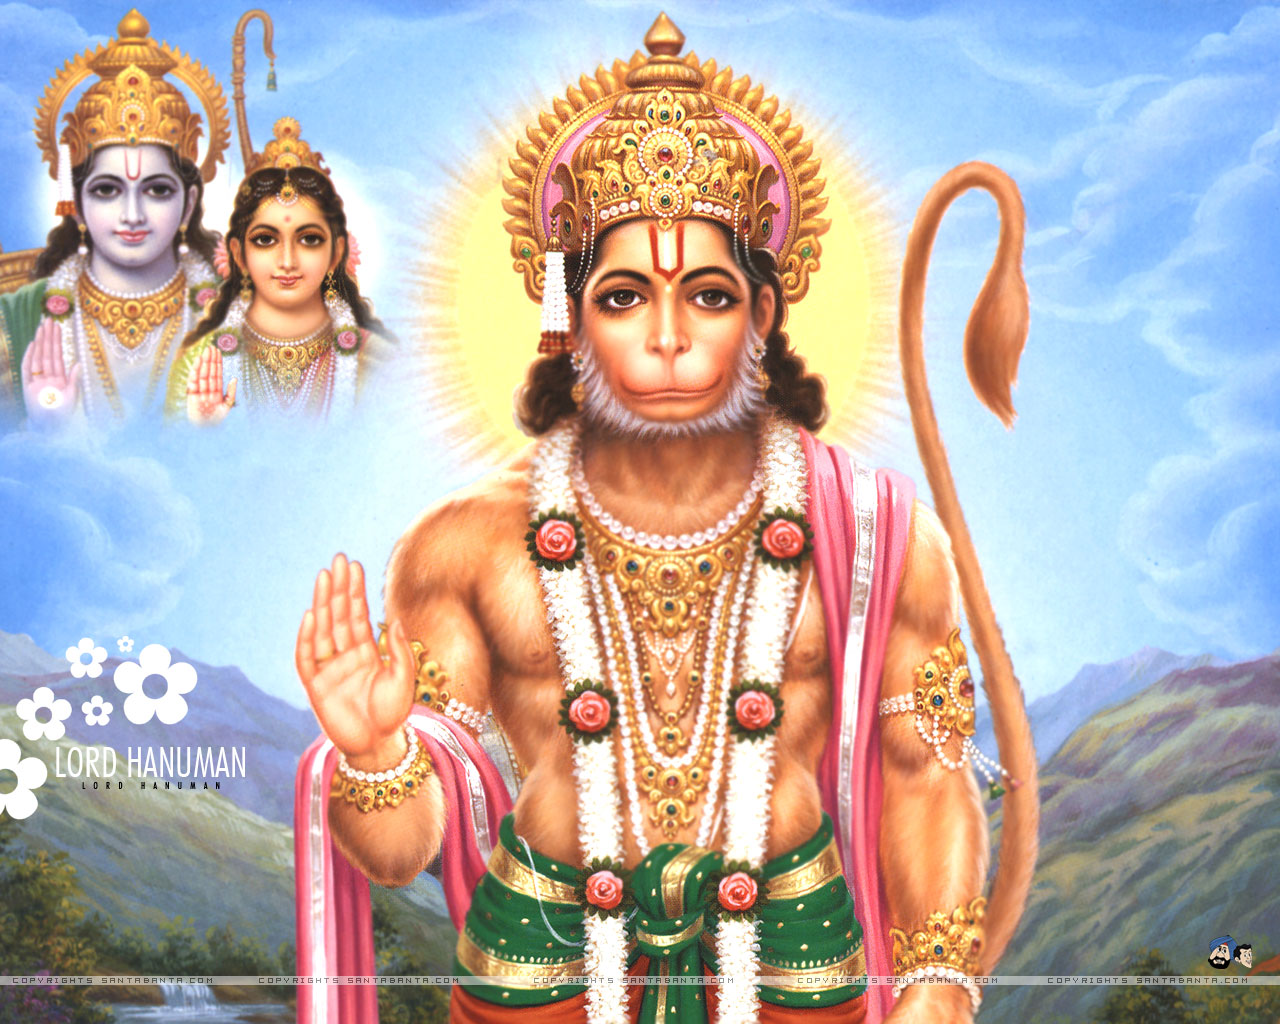 Hindu Gods HD Wallpapers Lord Hanuman Wallpapers 1280x1024
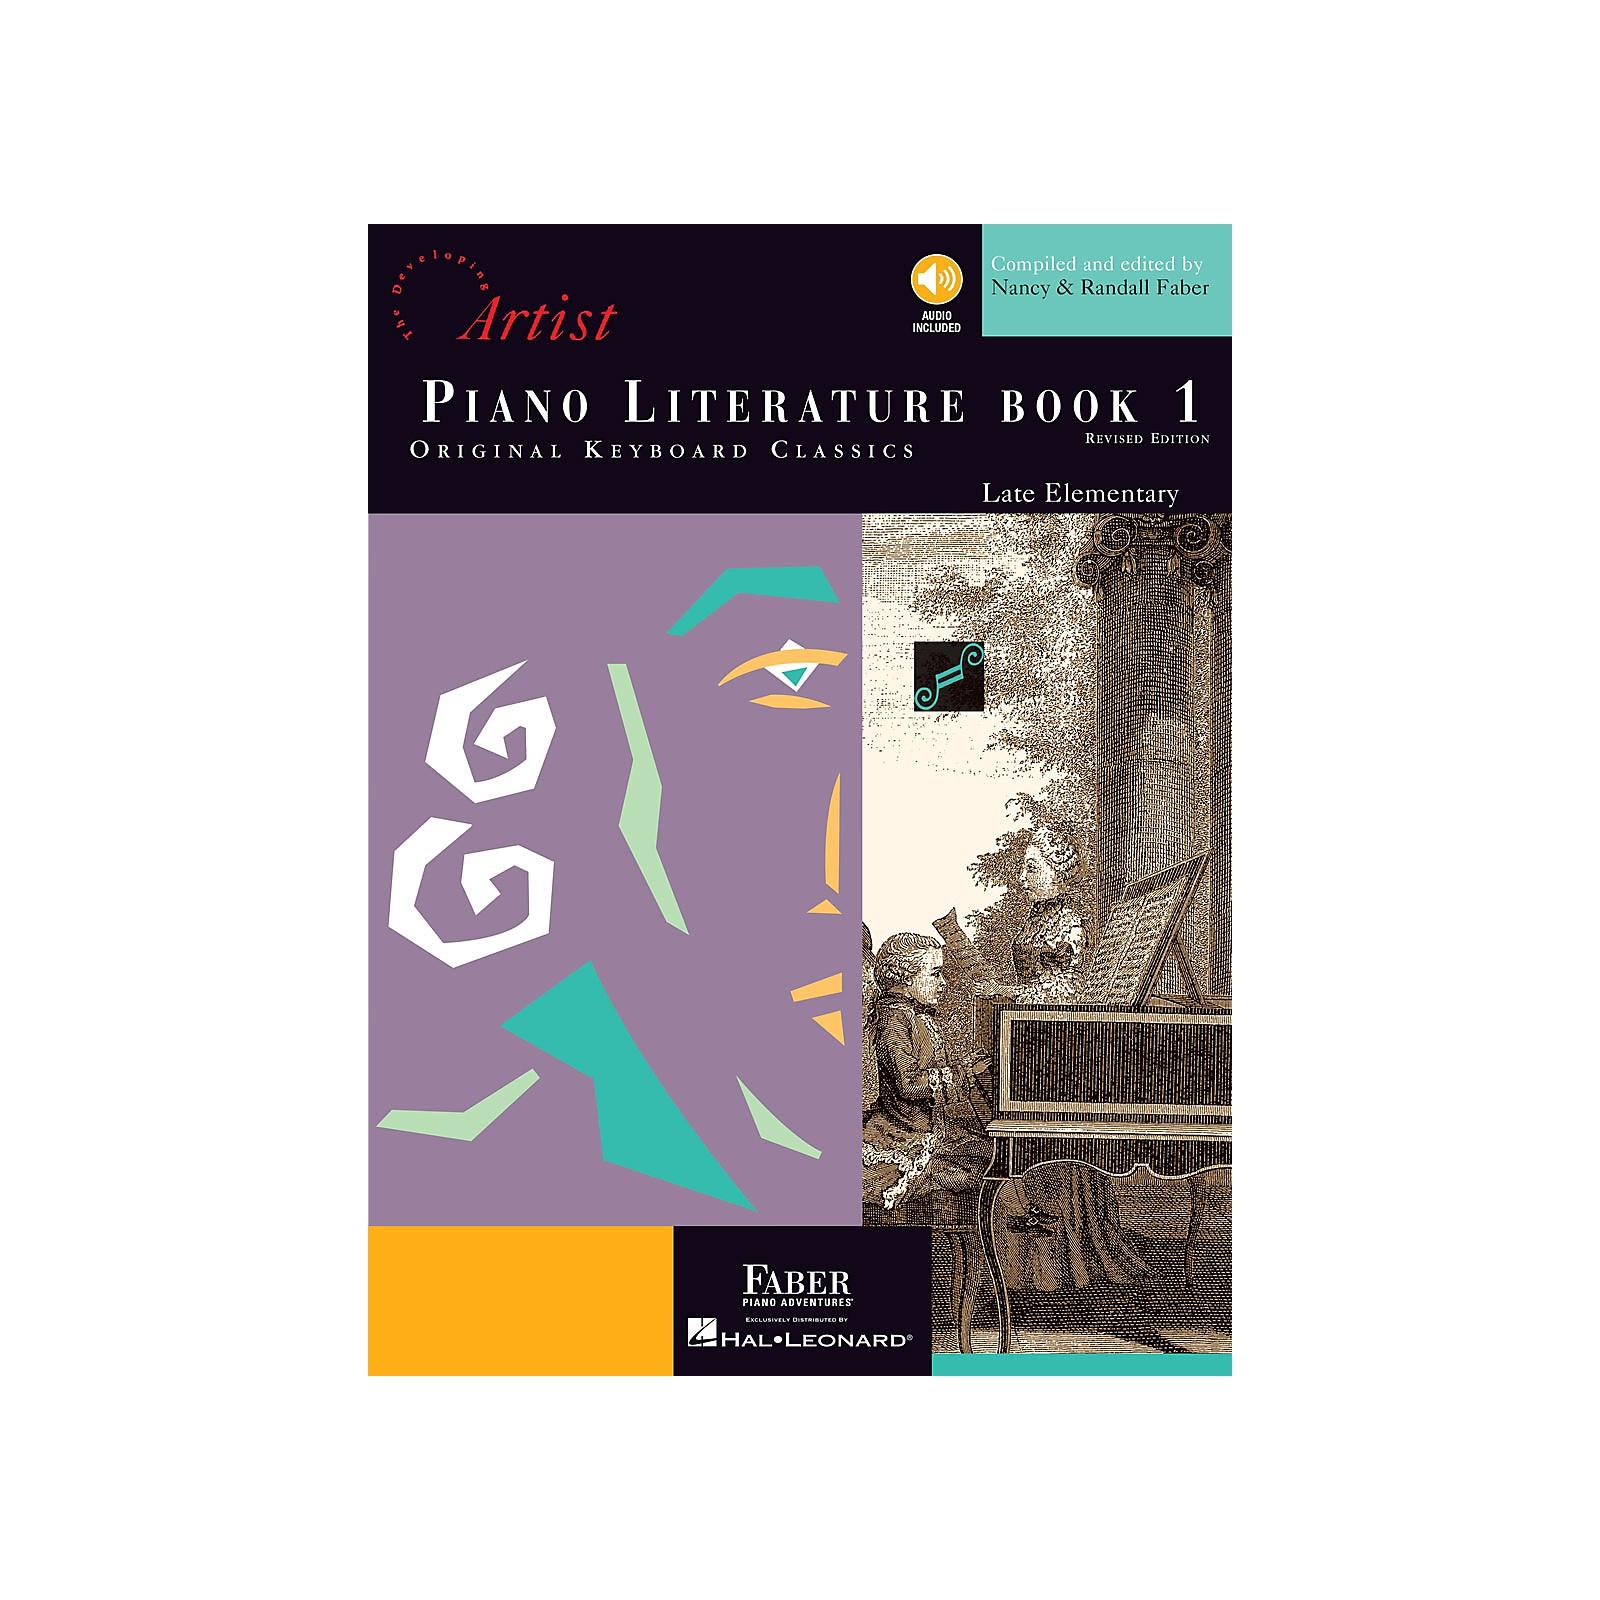 Faber Piano Adventures Piano Literature - Book 1 Developing Artist Original Keyboard Classics Book with CD
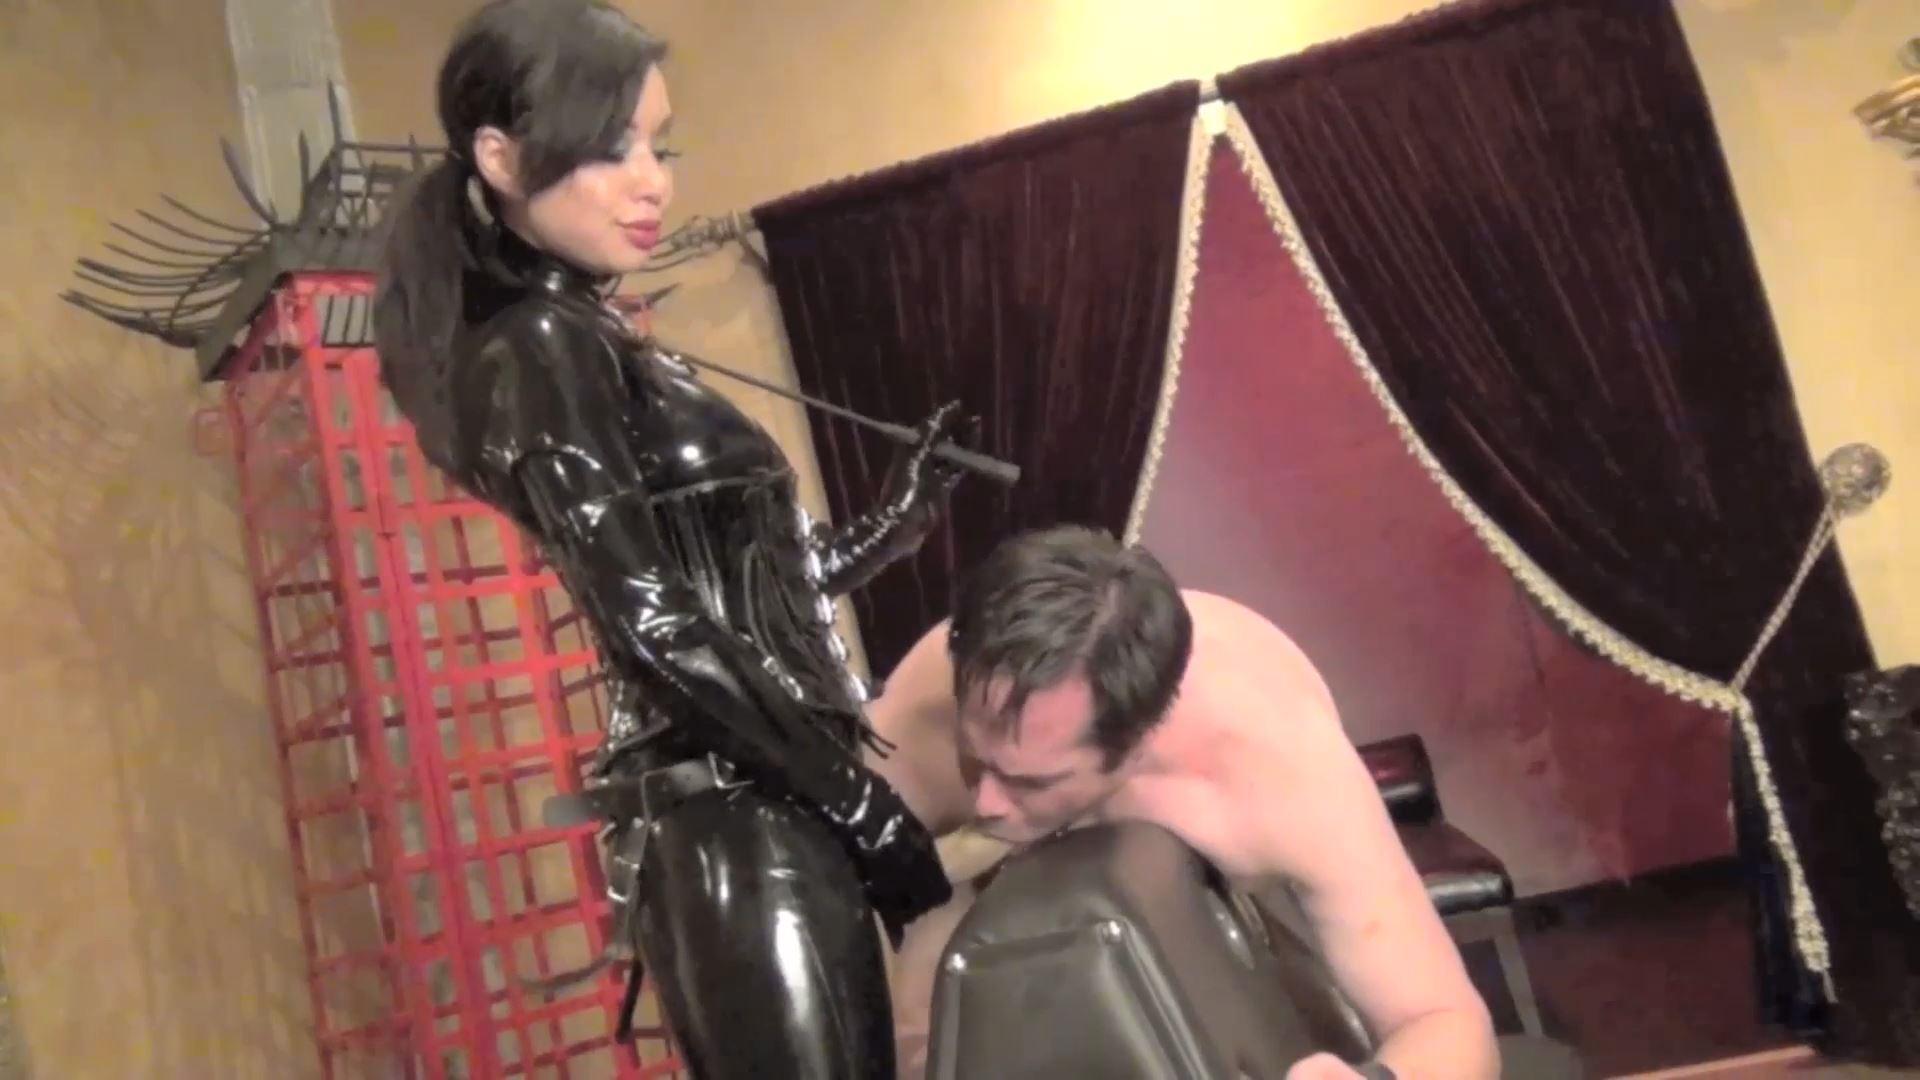 Mistress Kim In Scene: EAT YOURE SHYT BITCH! - DOMNATION - FULL HD/1080p/MP4
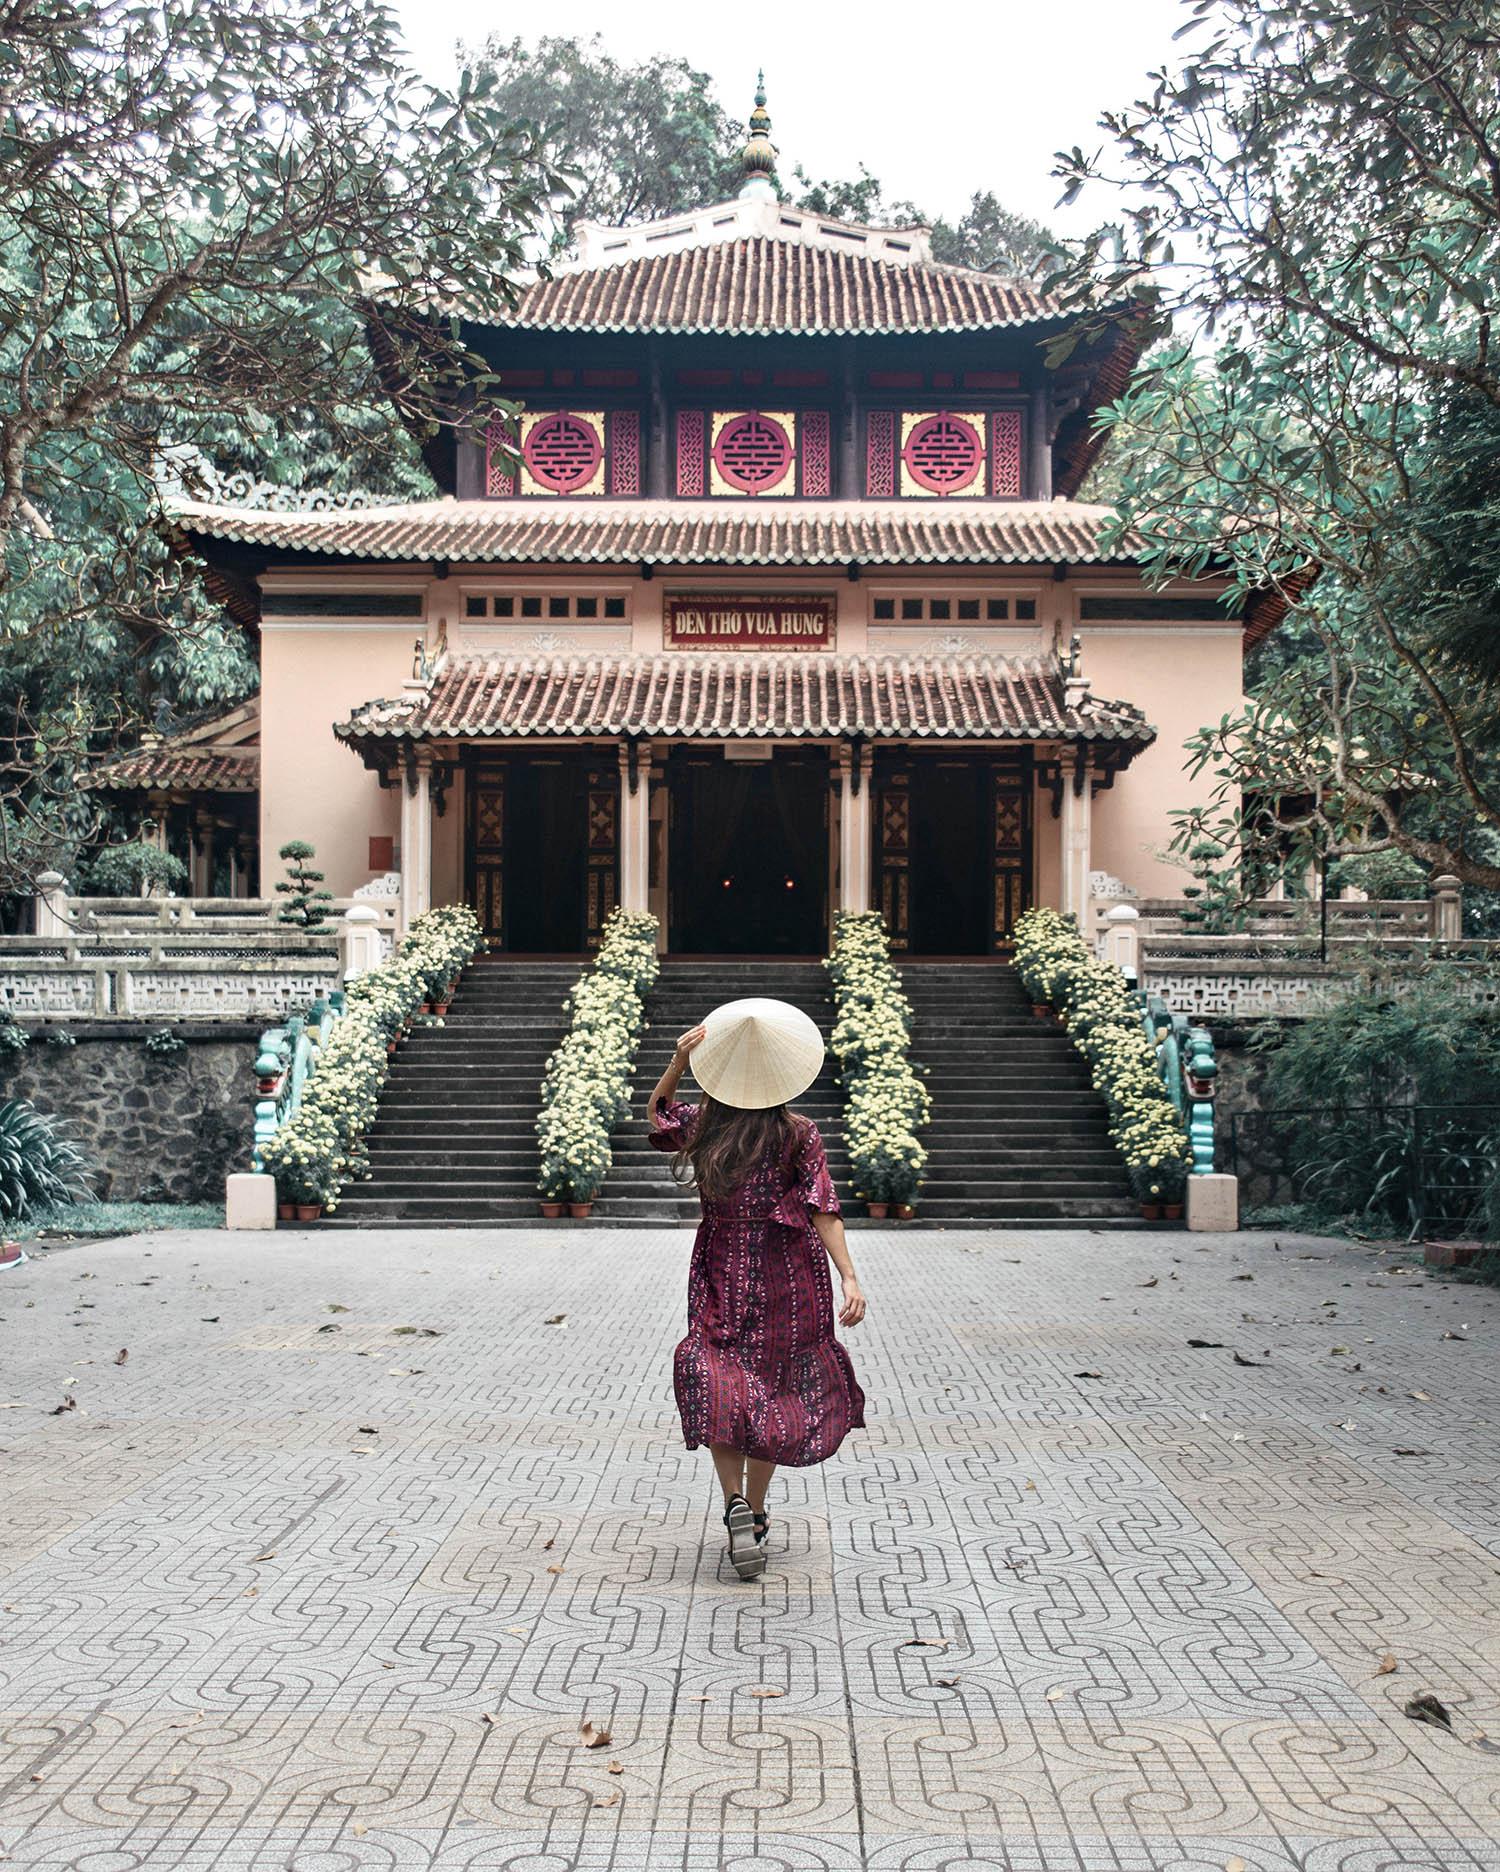 Girl with conical hat walking towards Đền Thờ Vua Hùng - Buddhist temple in Ho Chi Minh City, Vietnam

> _Directions_
Copy the data verbatim, skipping any image it holds.

> _Reply to the task_
 Hindu Gods HD Wallpapers Lord Hanuman Wallpapers 1280x1024
 Faber Piano Adventures Piano Literature - Book 1 Developing Artist Original Keyboard Classics Book with CD
 Mistress Kim In Scene: EAT YOURE SHYT BITCH! - DOMNATION - FULL HD/1080p/MP4
 Girl with conical hat walking towards Đền Thờ Vua Hùng - Buddhist temple in Ho Chi Minh City, Vietnam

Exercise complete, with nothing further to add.